I have written a library, where I use CMake for verifying the presence of headers for MMX, SSE, SSE2, SSE4, AVX, AVX2, and AVX-512. In addition to this, I check for the presence of the instructions and if present, I add the necessary compiler flags, -msse2 -mavx -mfma etc.
This is all very good, but I would like to deploy a single binary, which works across a range of generations of processors.
Question: Is it possible to tell the compiler (GCC) that whenever it optimizes a function using SIMD, it must generate code for a list of architectures? And of of course introduce high-level branches
I am thinking similar to how the compiler generates code for functions, where input pointers are either 4 or 8 byte aligned. To prevent this, I use the __builtin_assume_aligned
macro.
What is best practice? Multiple binaries? Naming?
As long as you don't care about portability, yes.

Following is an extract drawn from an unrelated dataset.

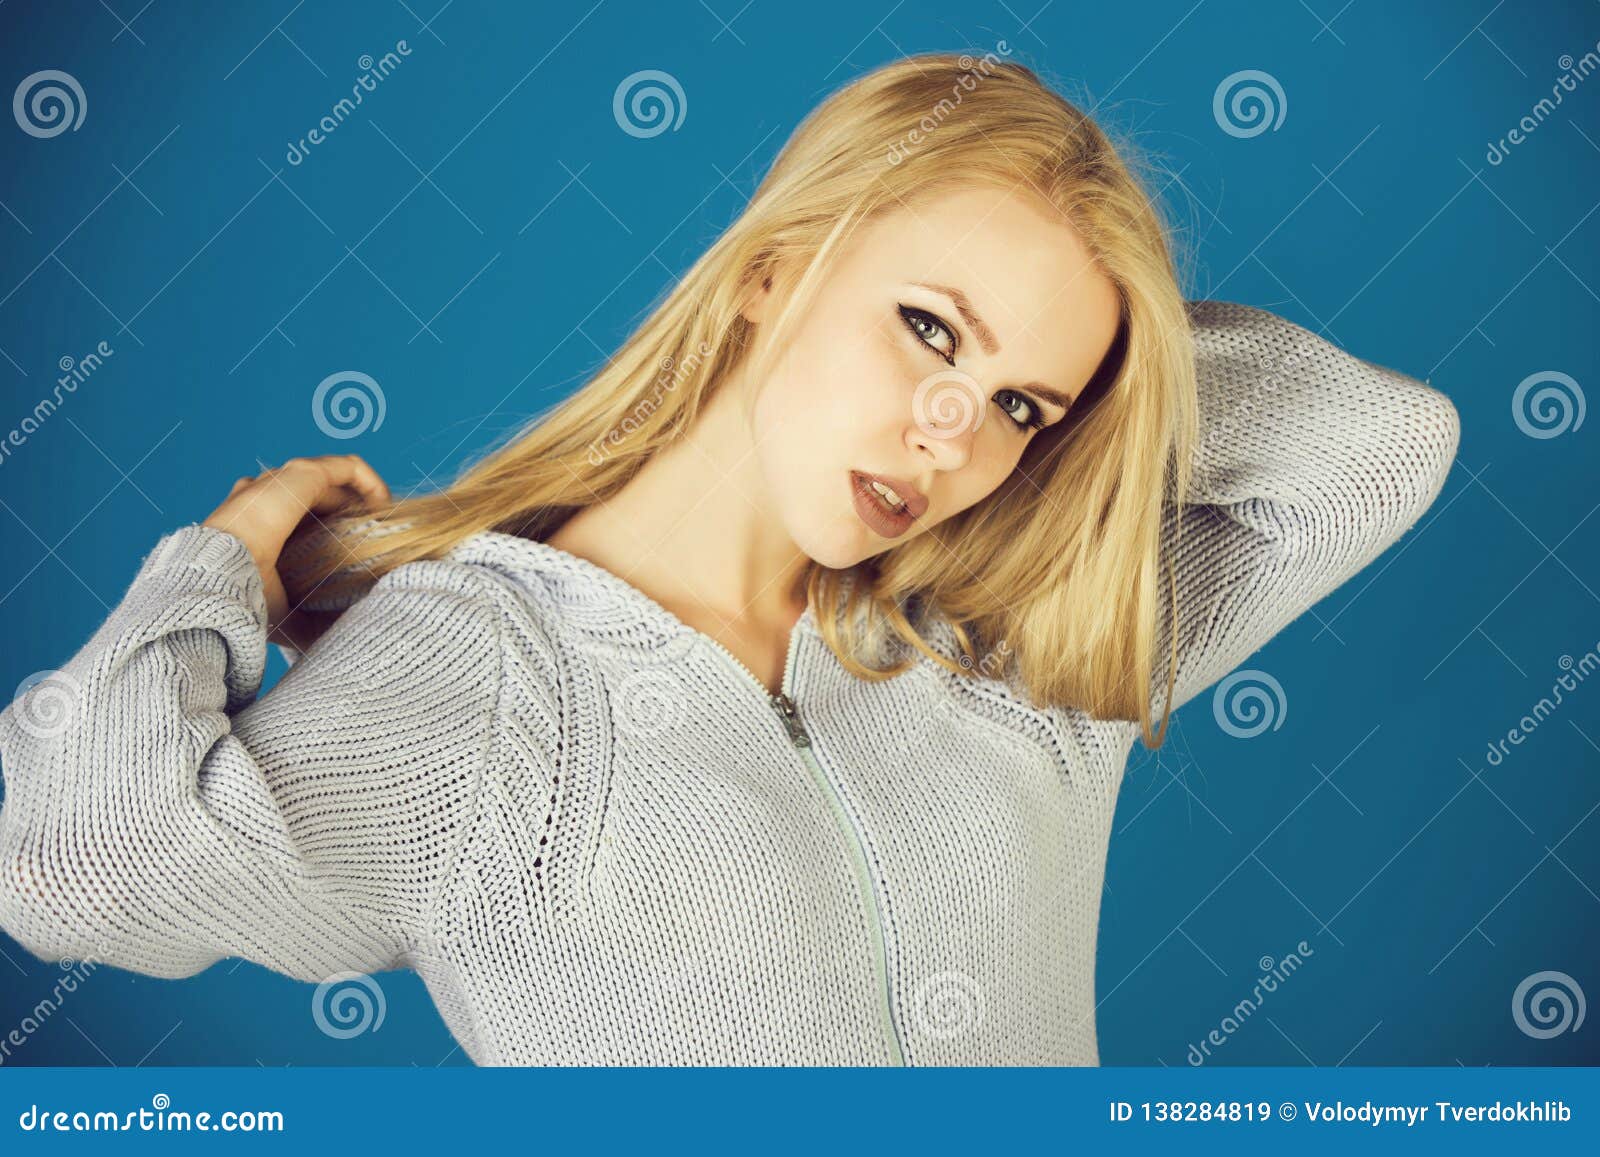 Beauty And Fashion Woman With Long Hair And Adorable Face

Recent versions of GCC make this easier than any other compiler I'm aware of by using the target_clones function attribute. Just add the attribute, with a list of targets you want to create versions for, and GCC will automatically create the different variants, as well as a dispatch function to choose a version automatically at runtime.
If you want a bit more portability you can use the target attribute, which clang and icc also support, but you'll have to write the dispatch function yourself (which isn't difficult), and emit the function multiple times (generally using a macro, or repeatedly including a header).
AFAIK, if you want your code to work with MSVC you'll need multiple compiler invocations with different options.